## What is expected
Would you retype the listing word for word, skipping its pictures?

## Information shown
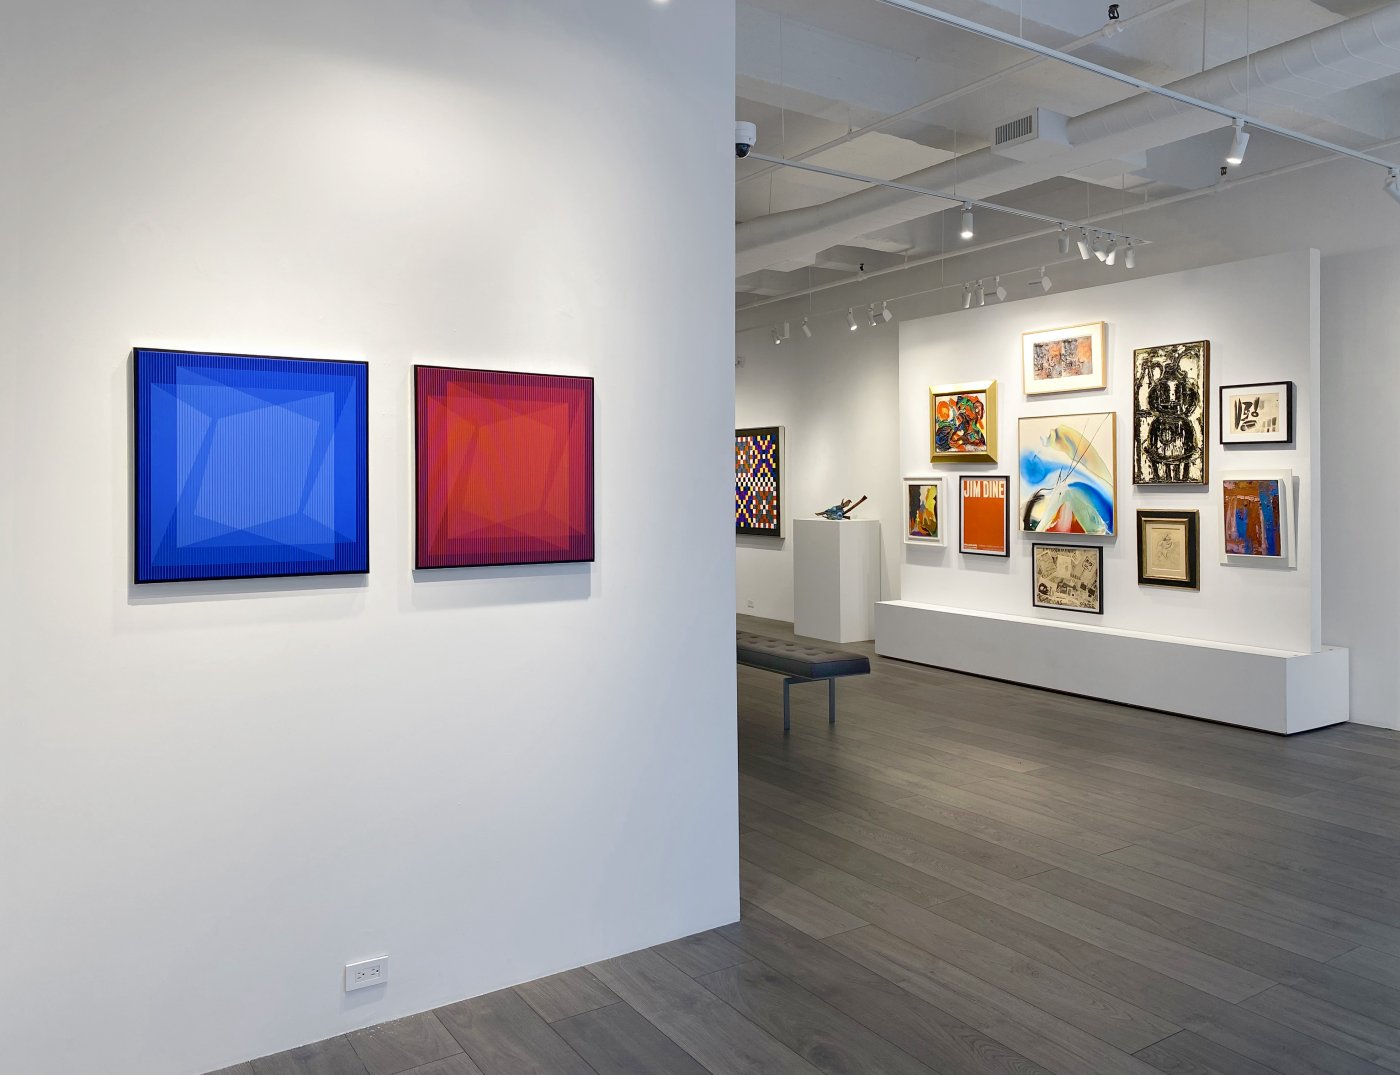 Installation image for Wild and Brilliant: The Martha Jackson Gallery and Post-War Art, at Hollis Taggart
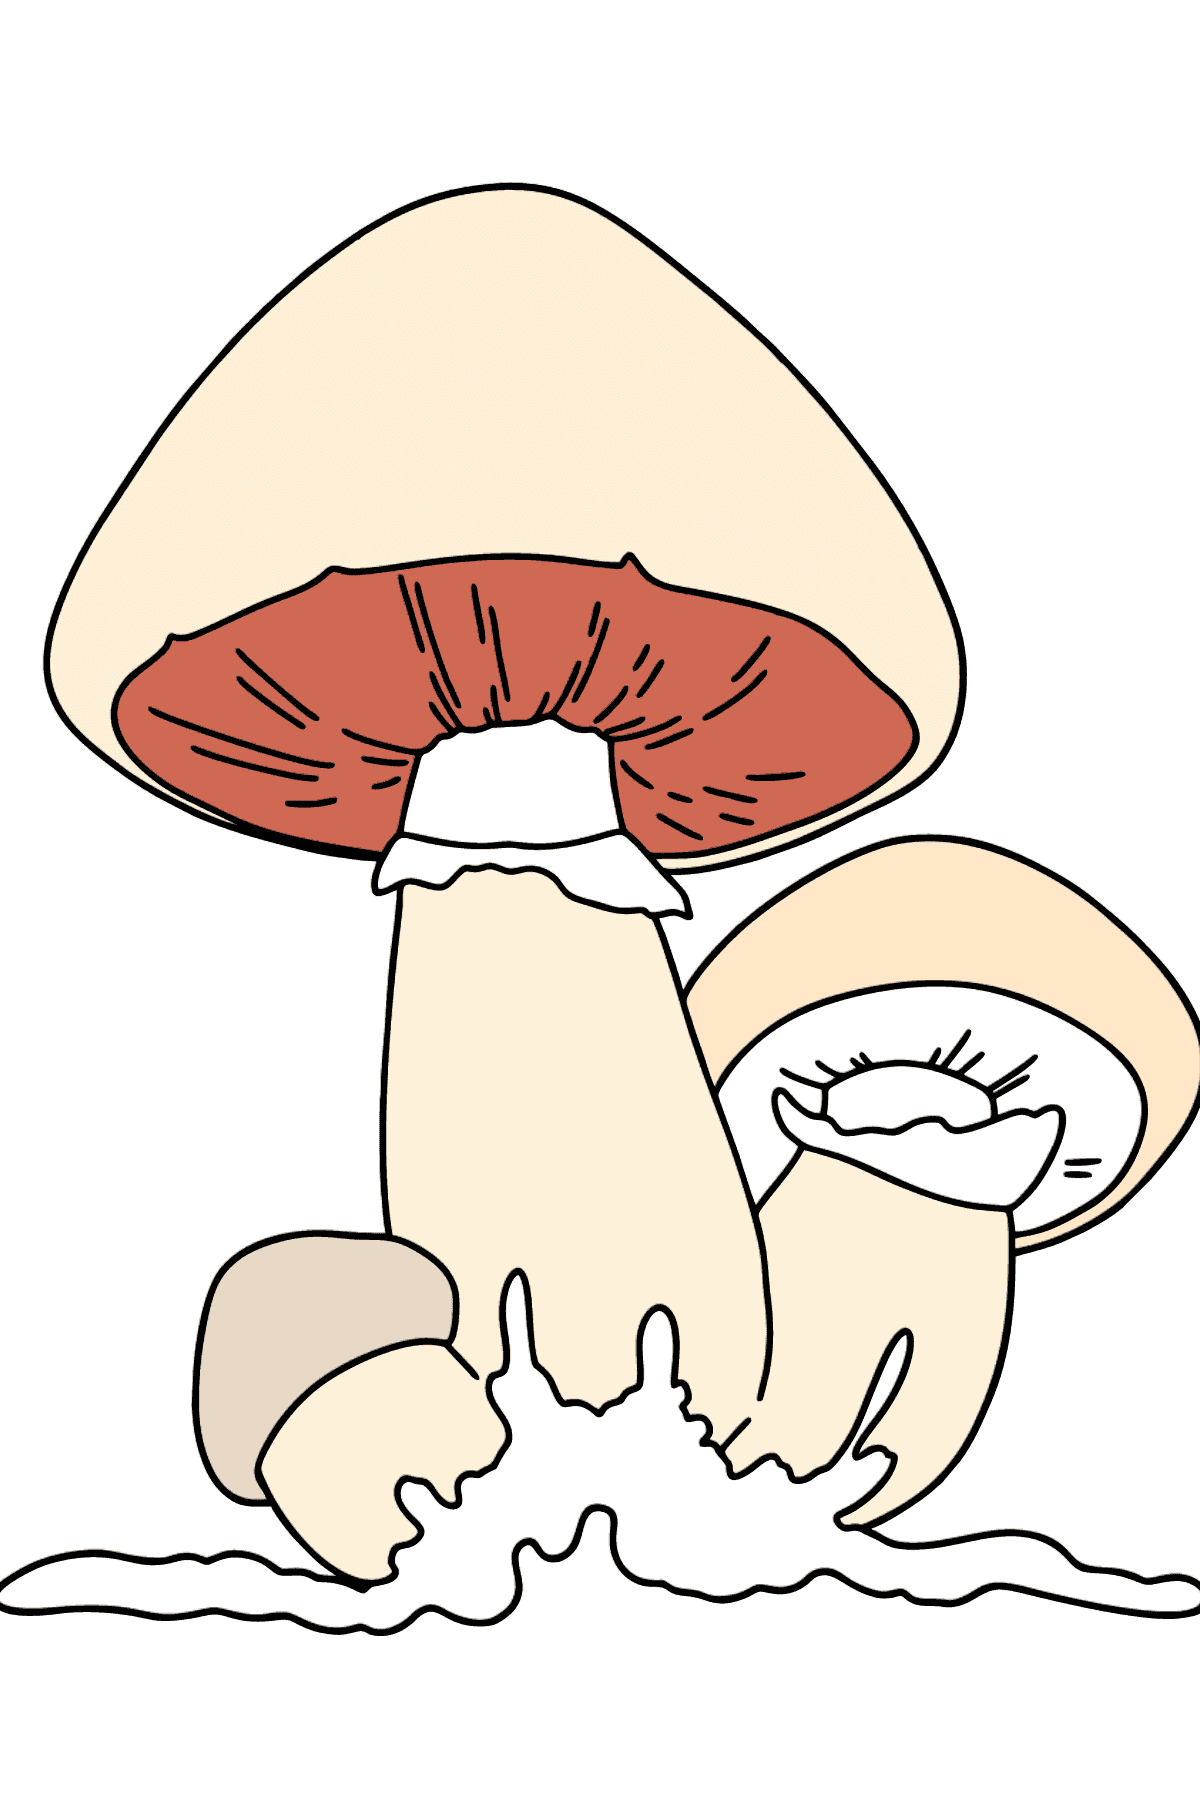 Champignons coloring page - Coloring Pages for Kids
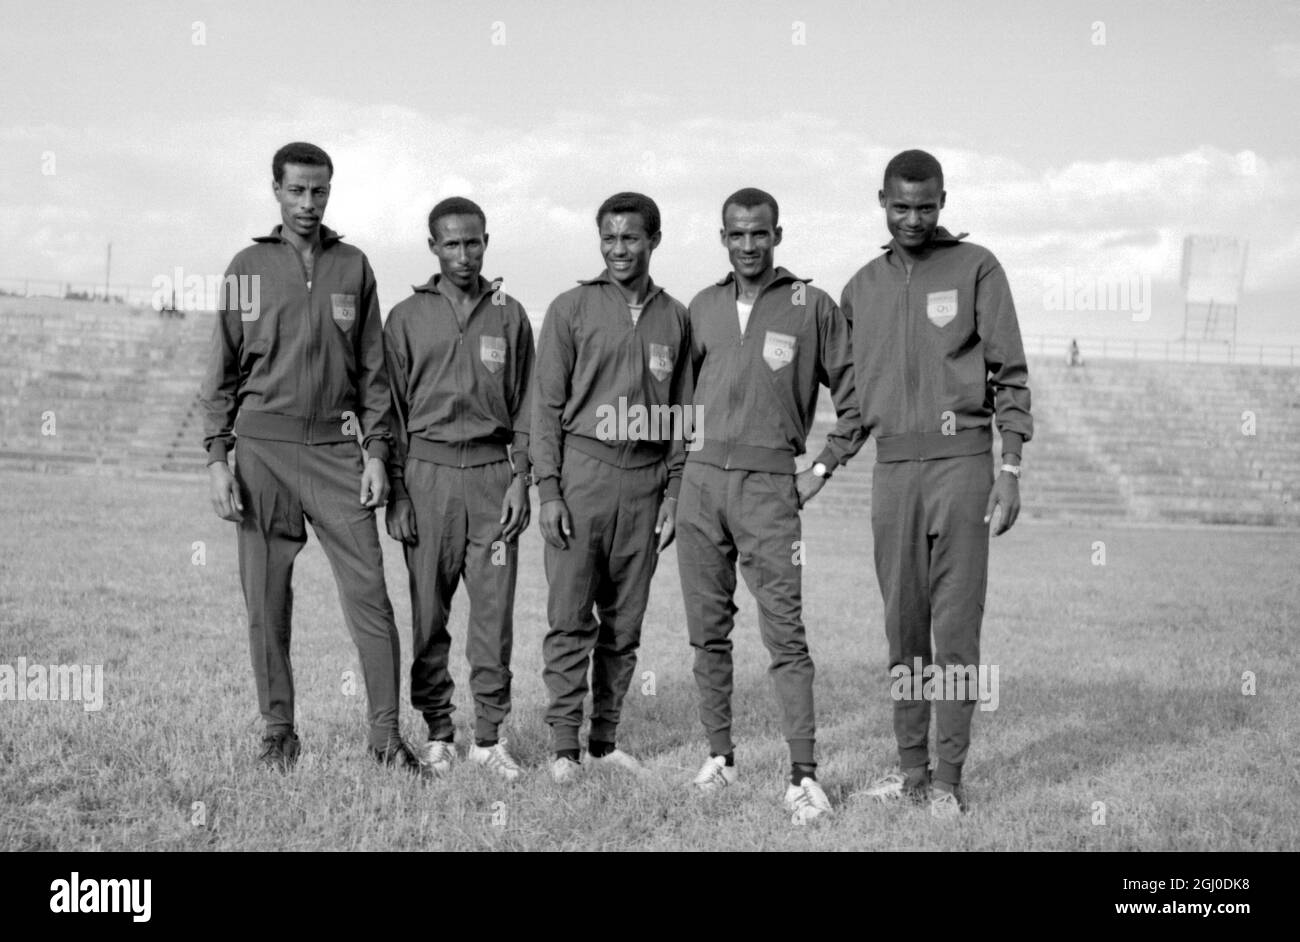 Ethiopian athletes who are to participate in the 1964 Olympic Games at Tokyo are seen in this picture taken during a training session in Addis Ababa. They are Abebe Bikila; Mamo Wolde; Demissi Wolde; Subsibe Mamo and Tegegn Bezabeh. 25th September 1964. Stock Photo

## Output for this task
 Installation image for Wild and Brilliant: The Martha Jackson Gallery and Post-War Art, at Hollis Taggart
 Champignons coloring page - Coloring Pages for Kids
 Ethiopian athletes who are to participate in the 1964 Olympic Games at Tokyo are seen in this picture taken during a training session in Addis Ababa. They are Abebe Bikila; Mamo Wolde; Demissi Wolde; Subsibe Mamo and Tegegn Bezabeh. 25th September 1964. Stock Photo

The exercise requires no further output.